About the Font Size Scale Generator
The Font Size Scale Generator builds a typographic scale from a base size and a ratio. Pick a base in px or rem, choose a named ratio such as Major Third (1.250) or set your own, and decide how many steps to add above and below the base. You get a live preview at each computed size plus ready-to-paste CSS custom properties, with an optional clamp() variant for fluid sizing. Everything runs in your browser, so nothing is uploaded.
How it works
- Set the base font size and its unit (px or rem), and the root size used to convert between px and rem.
- Choose a named ratio from the list or type a custom value, then set how many steps you want above and below the base.
- Read the live preview to see each step at its real size, and switch the output between fixed CSS variables and a fluid clamp() variant.
- Click Copy to grab the generated CSS.
Features
- Named ratios (Minor Second through Octave, plus Golden Ratio) and a custom ratio input.
- Base size in px or rem, with an adjustable root size for px/rem conversion.

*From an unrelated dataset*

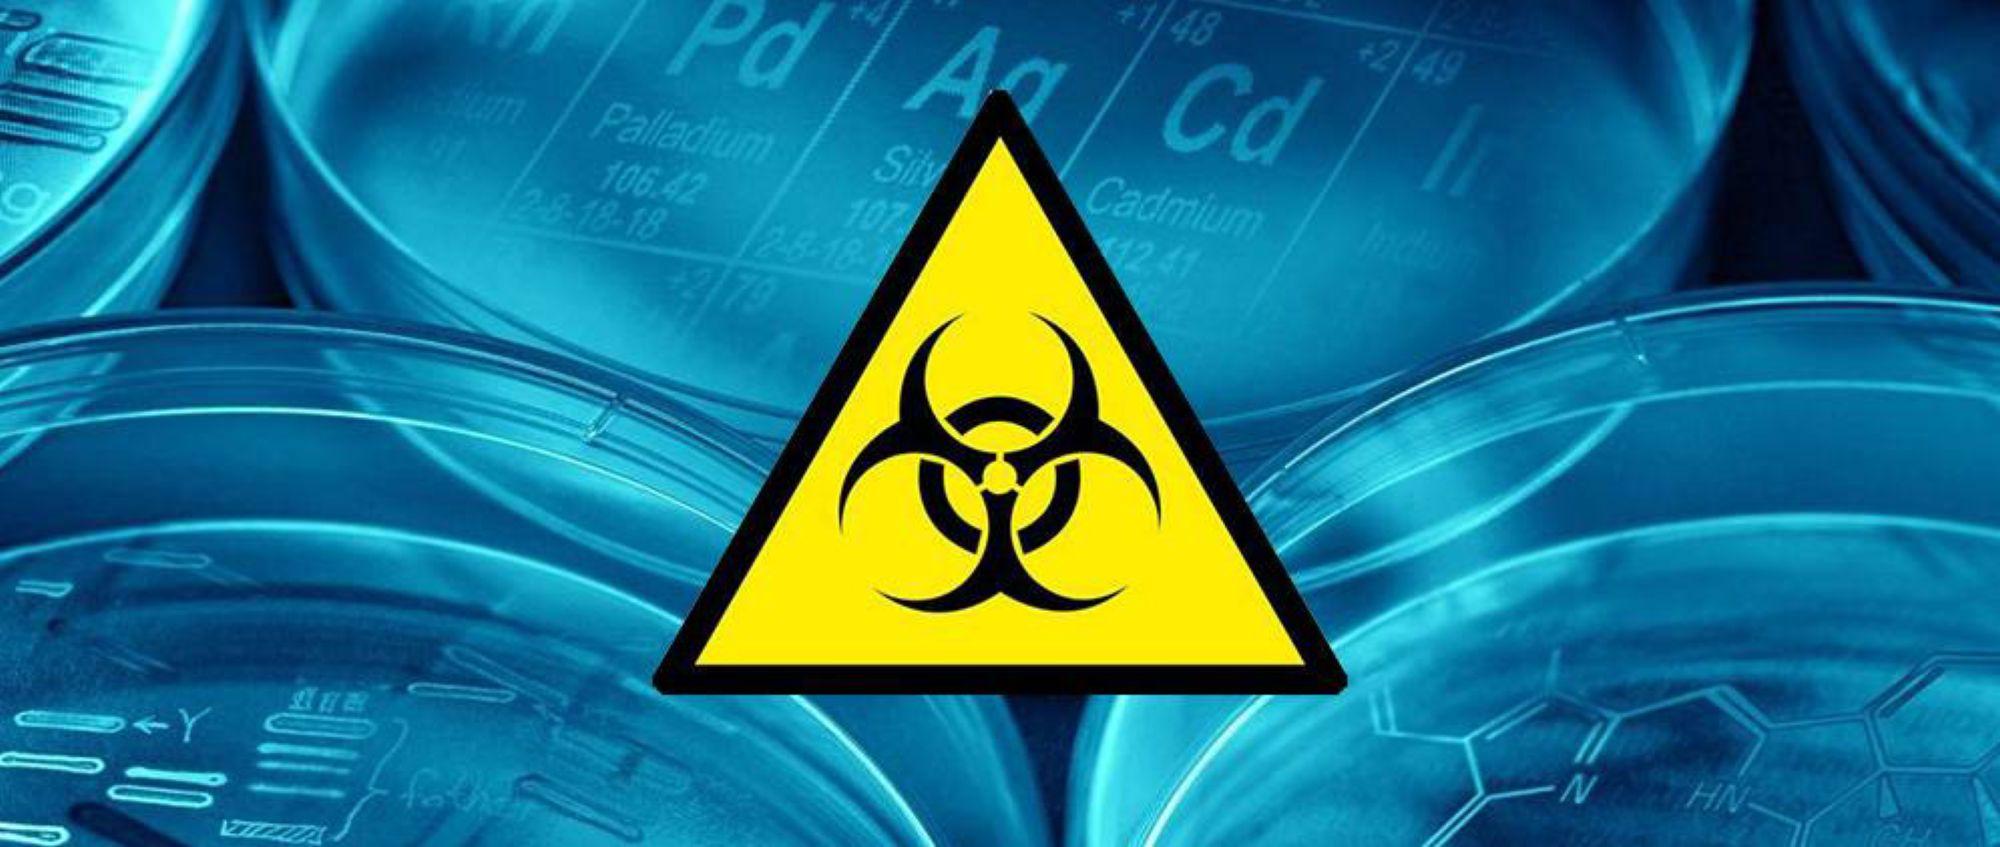 生物安全的国际符号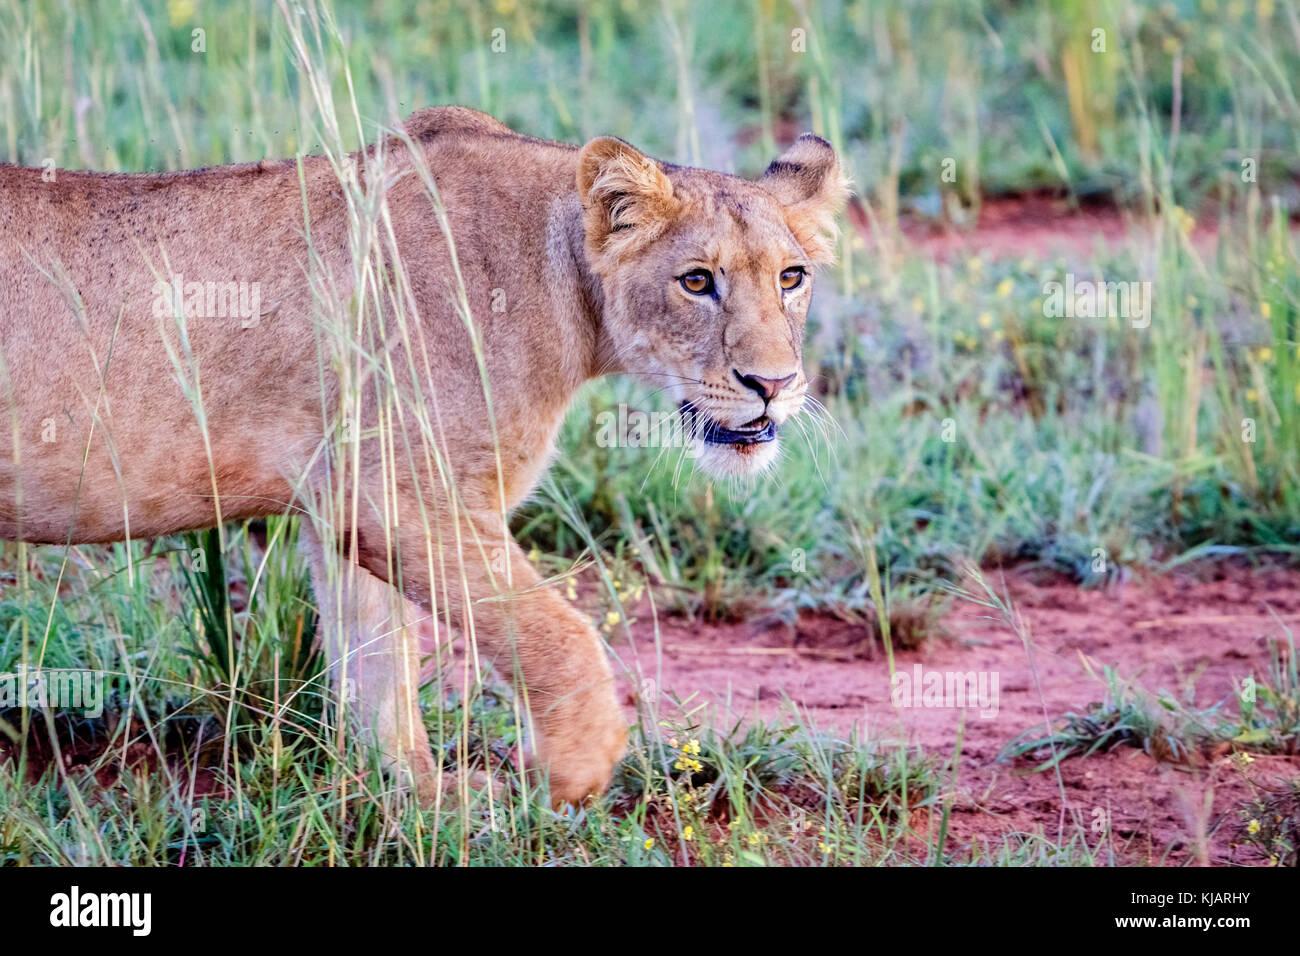 Eine schöne Löwin in der Sonne an einem frühen Morgen im Murchison Falls National Park in Uganda. Schade, dass dieser Stockfoto

- Independent control of steps above and below the base.
- Live preview of every step at its computed size, using your own sample text.
- CSS custom properties output and an optional clamp() fluid variant, both with one-click copy.
Frequently asked questions
What is a type scale ratio?
A ratio is the constant multiplier between adjacent steps. Each step up multiplies the previous size by the ratio, and each step down divides by it. Named ratios like 1.250 (Major Third) or 1.618 (Golden Ratio) give consistent, proportional jumps between sizes.
Should I use px or rem for the output?
rem scales with the user's root font size, which is better for accessibility, so the CSS output uses rem. The base input accepts px or rem; the root size setting controls how px values convert to rem.
What does the clamp() variant do?
The clamp() variant produces fluid sizes that grow with the viewport between a minimum and maximum, so type scales smoothly from small screens to large ones without media queries. The minimum is computed from your maximum size, and the value interpolates with viewport width in between.
Is my data sent anywhere?
No. The scale, preview, and CSS are all generated locally in your browser. Nothing is uploaded or logged.
How many steps should I generate?
Most projects need a handful of sizes for body text, captions, and a few heading levels. Start with two or three steps below the base and four to six above, then trim to the sizes you actually use.